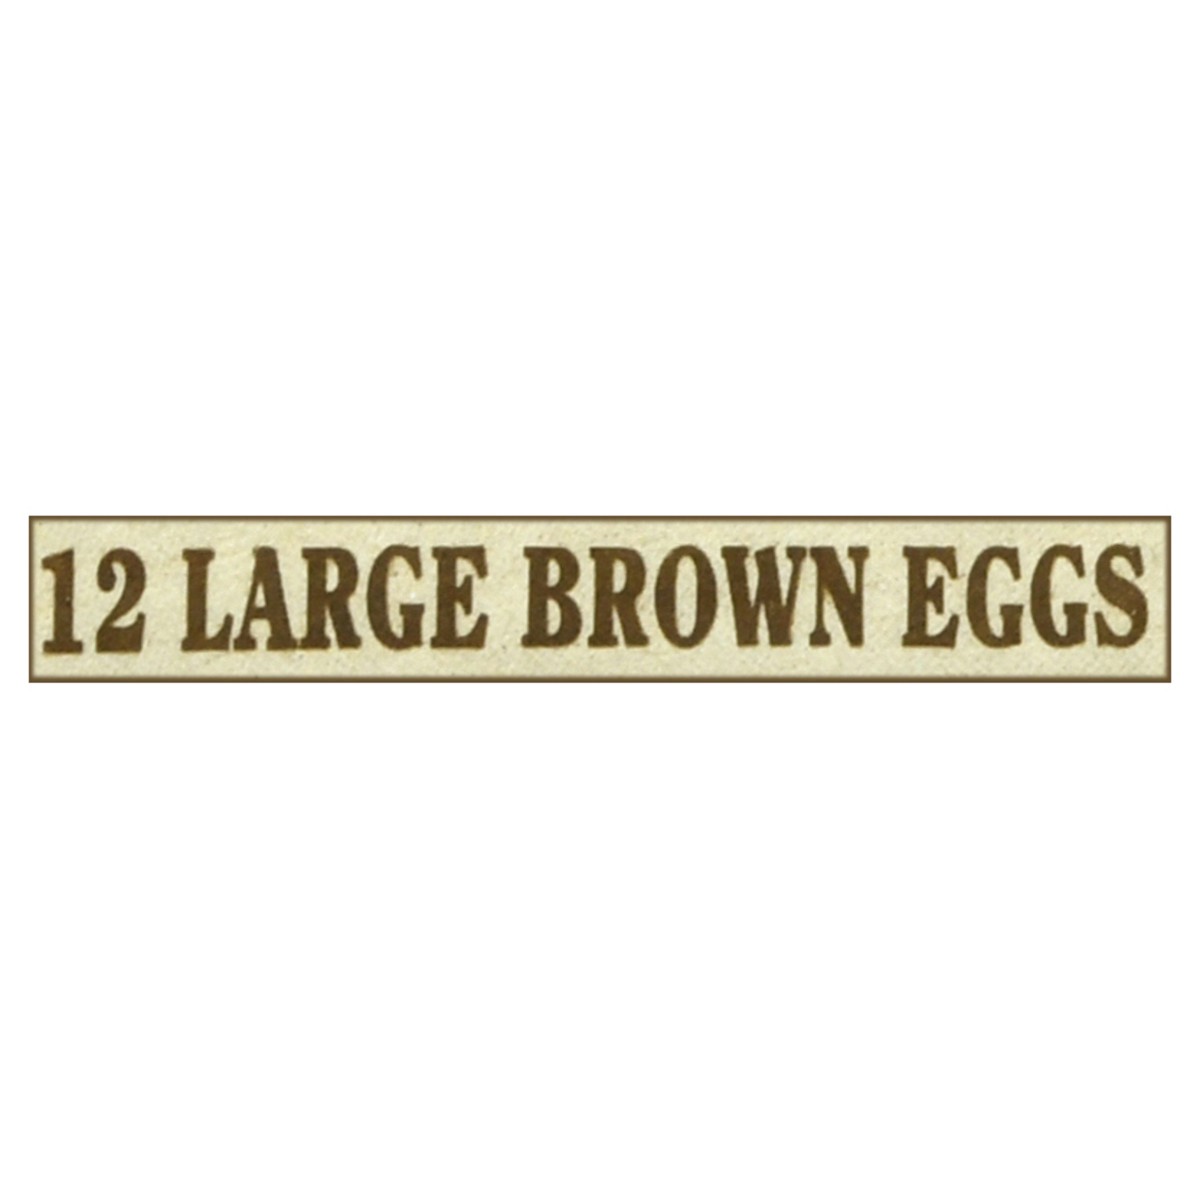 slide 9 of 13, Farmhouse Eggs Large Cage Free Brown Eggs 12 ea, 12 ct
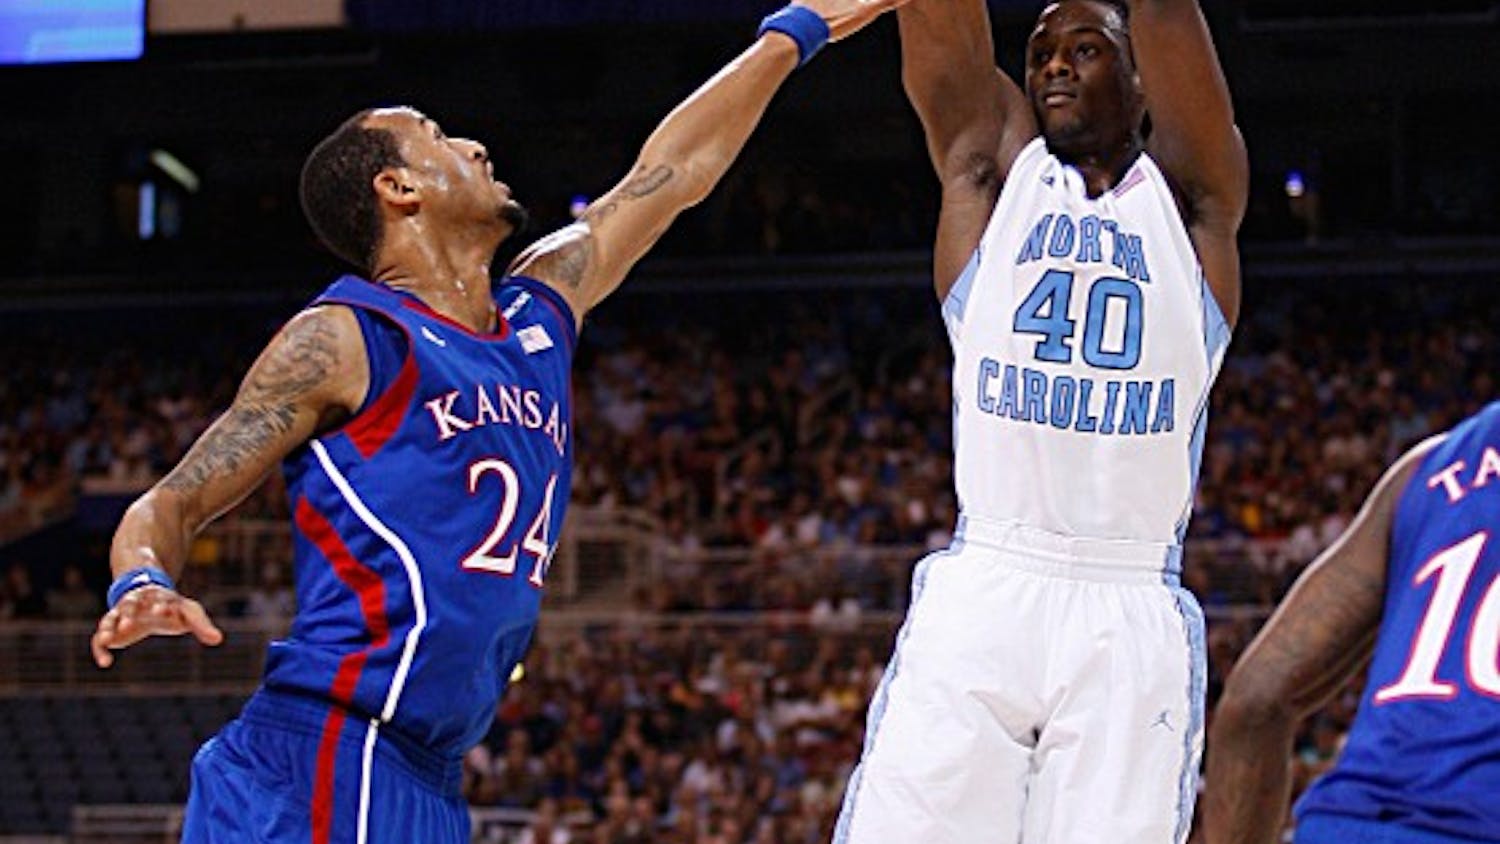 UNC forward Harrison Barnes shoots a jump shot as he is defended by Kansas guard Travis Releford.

+++

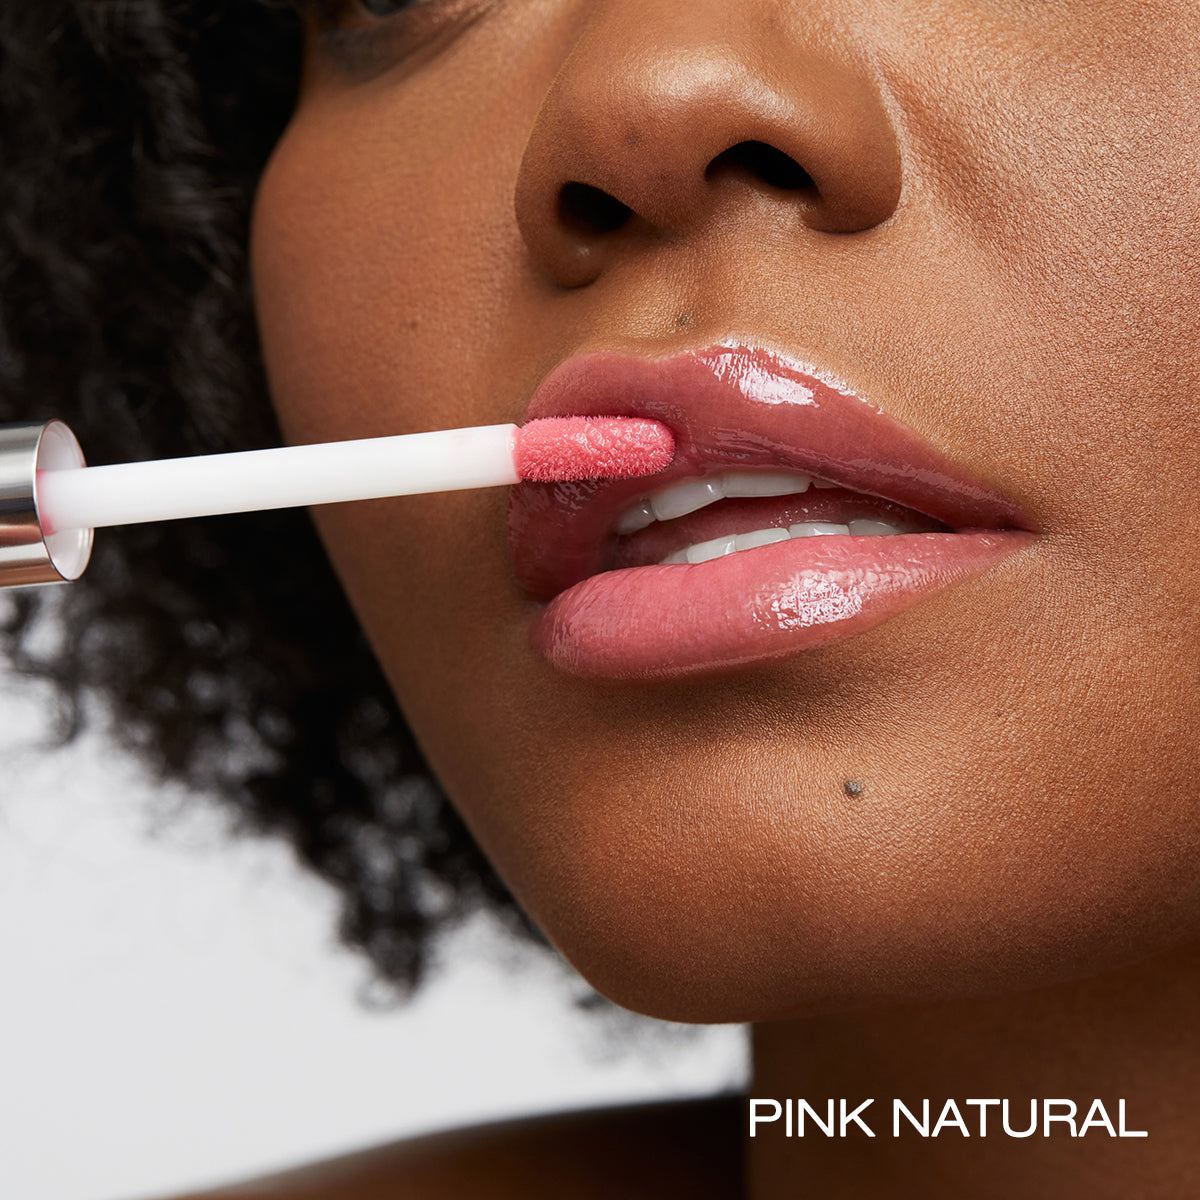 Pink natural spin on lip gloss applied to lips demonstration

+++

### [What this task involves]
The output is the stretch above from the line with "slide 9 of 13, Farmhouse" through the line with "UNC forward Harrison", copied word for word with both ends kept and every picture dropped.

### [Solution to this problem]
 slide 9 of 13, Farmhouse Eggs Large Cage Free Brown Eggs 12 ea, 12 ct
 UNC forward Harrison Barnes shoots a jump shot as he is defended by Kansas guard Travis Releford.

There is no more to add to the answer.